The position of both is preserved under the Bill, the only change being that the penalties in respect of street bookmaking or street running are increased. The activities of the street runner are unlawful at present and the Bill retains this provision. The activities of the factory runner—and this is where the confusion arises—are, on the other hand, in general, lawful under the present law. The Street Betting Act does not extend to private property. The Betting Act of 1853 forbids the use of a place to which persons can resort to make bets with the occupier of that place or the use of a place for the reception of cash.

Unless the factory runner localises himself in a particular room to which other employees can come to place their bets he cannot be said to be using a place within the meaning of the 1853 Act. I am sorry if this sounds complicated, but I want to place on the record the existing practice which is preserved exactly under this Bill. It is perfectly lawful for bets to be received casually as the agent goes about his ordinary business round the factory. No change, therefore, is made as regards the runner.

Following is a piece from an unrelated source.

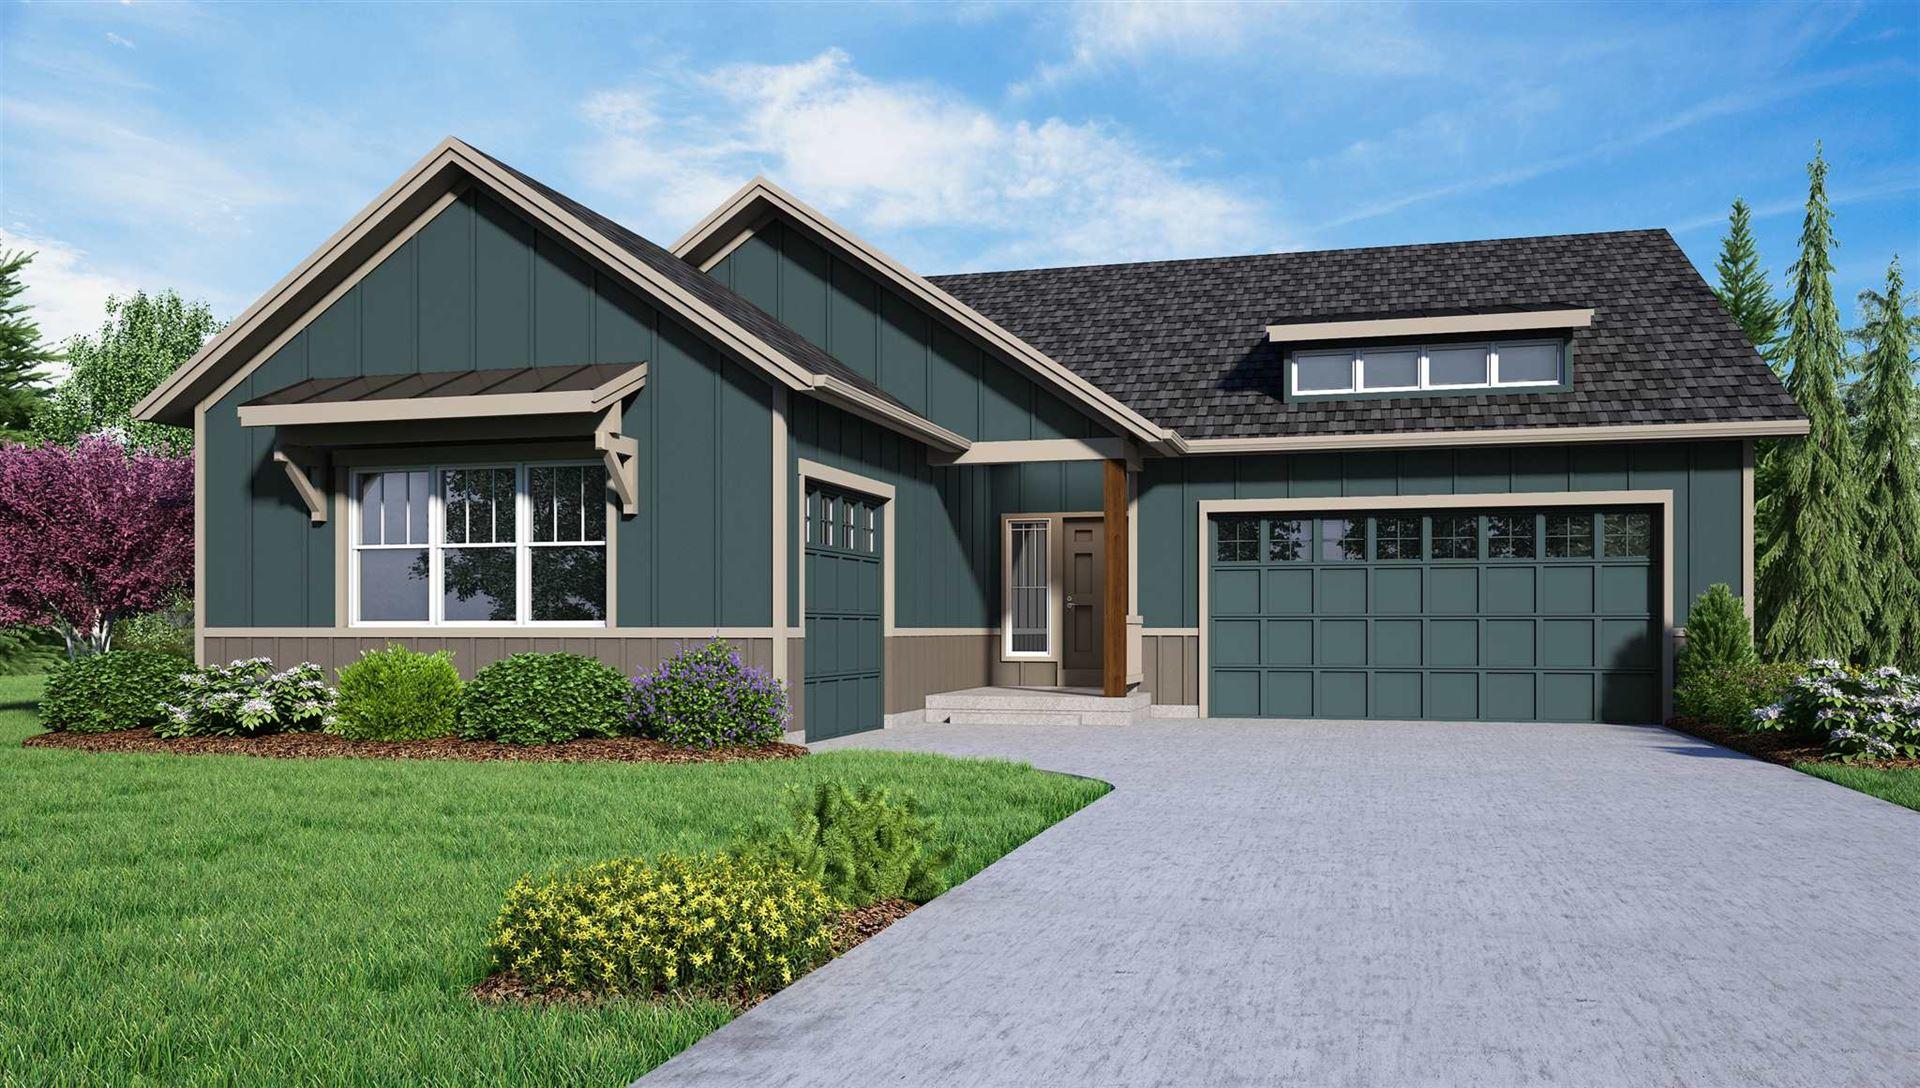 290 S Legacy Ridge Dr, Liberty Lake, WA 99019 - #: 202117110

In his speech yesterday, my right hon. Friend gave the reasons for not implementing the recommendation of the Royal Commission that it should be illegal for bookmakers to pay a commission to factory runners, but it has been suggested both in the House and elsewhere that runners should be registered in the same way as bookmakers and that there should be a scheme for registering factory runners. This proposal has been put forward on both sides of the House. It has been put forward to my right hon. Friend on previous occasions. We will consider the proposal, but it is only fair to the House that I should put before hon. and right hon. Members the objections I see at the moment.

Mr. Chetwynd

Not only factory runners, all runners.

Mr. Vosper

I have dealt separately with street runners and we are resisting the proposal that street runners should be legalised. I am now dealing with the position of the factory runner.

Mr. Paget

Can the hon. Gentleman tell us, if young persons are employed in factories, why they are not as equally open to the solicitation of the factory runner as they are to that of the street runner?

Mr. Vosper

I agree that the risk to young persons applies in all connections. It applies least of all though in the opening of a betting shop.

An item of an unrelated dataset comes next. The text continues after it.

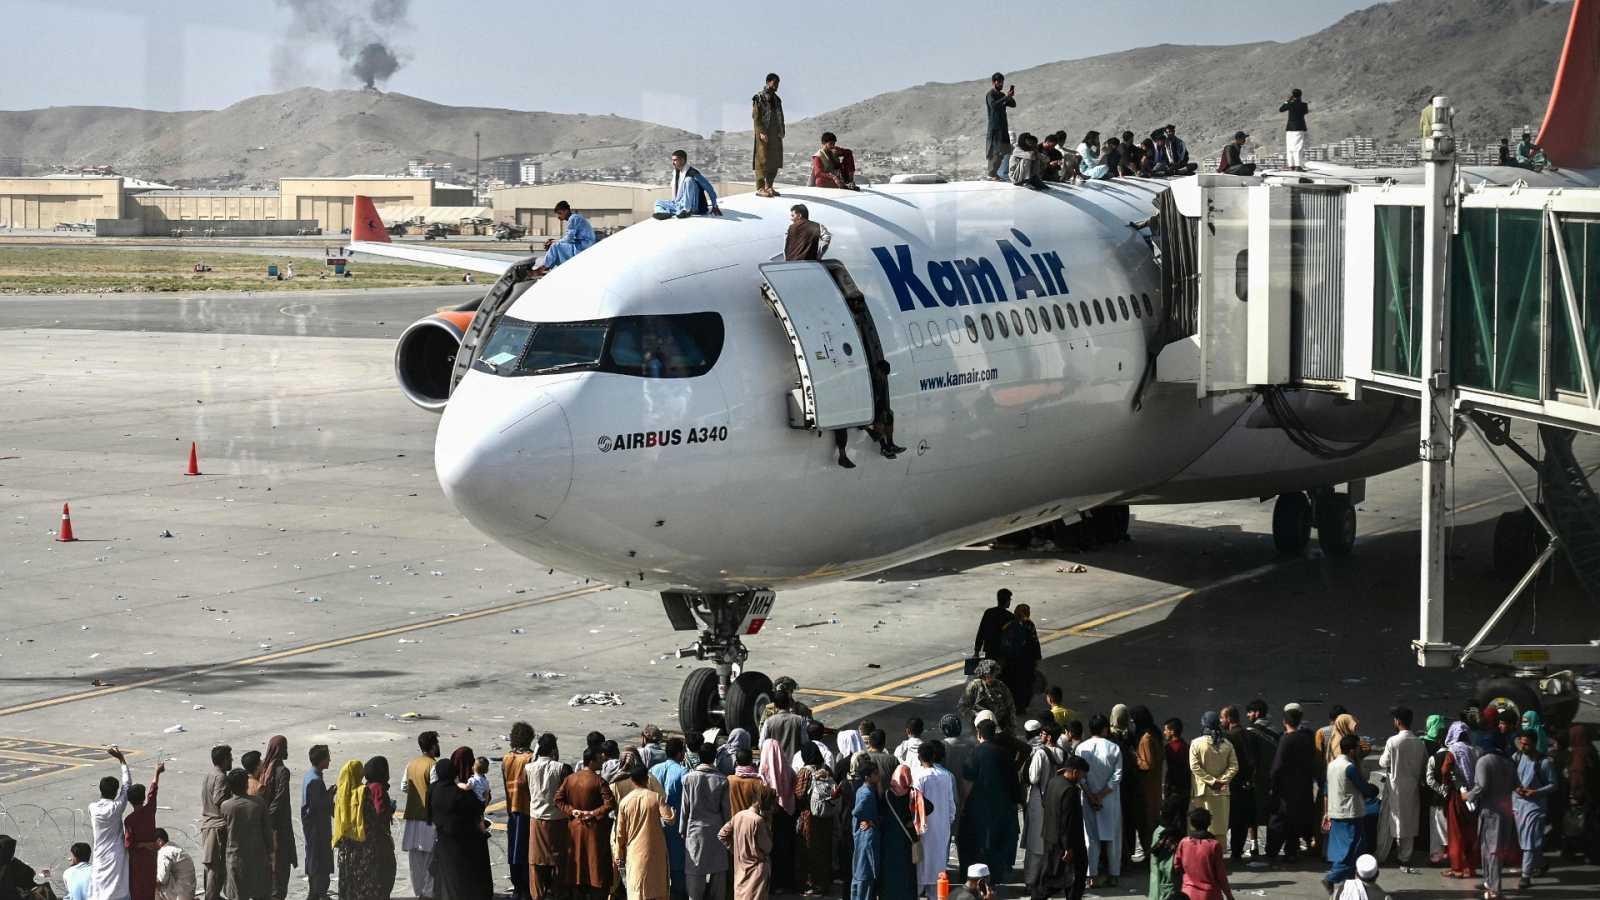 Los talibanes tomaron Kabul y comienza una época de cambios en Afganistán

If I may pursue my original point, I think that the registration of factory runners is open to the objection that enforcement would be difficult. I am very doubtful if it would be acceptable to both sides of industry, but I am prepared, with my right hon. Friend, to see whether there is any means of providing a limited registration of factory runners. At the moment, neither he nor I are convinced that there is a practical way of undertaking what would be a very vast operation, which will place a great burden on the licensing justices who would have to carry it out.

We must face the fact that the factory runner will continue to be a large part of the betting system. He may well be the principal user of the betting office, and this strengthens the argument that betting offices need not be too numerous or too attractive. At the same time, unless the number of runners is to increase enormously in the absence of street betting—and for the moment I am taking that as assumed—many people will prefer to call personally at the betting office, about which I will briefly say a few more words.

It is quite understandable that as we get nearer to the establishment of these betting offices more people will be apprehensive, but, equally, in this debate the view has been expressed that these betting offices will not catch on. I am certain that owing to the extent and increase of credit betting, the use of the telephone and of the factory runner there will be nothing like the same need for betting offices in this country as there is in other countries where they are already established. [HON. MEMBERS: "Why have them?"] I am asked: why have them? The answer is, to provide an outlet to meet the demand which is at present met through illegal channels. If, in fact, the demand can be met by credit betting or by other legalised forms of betting or running, there will be little demand for betting offices.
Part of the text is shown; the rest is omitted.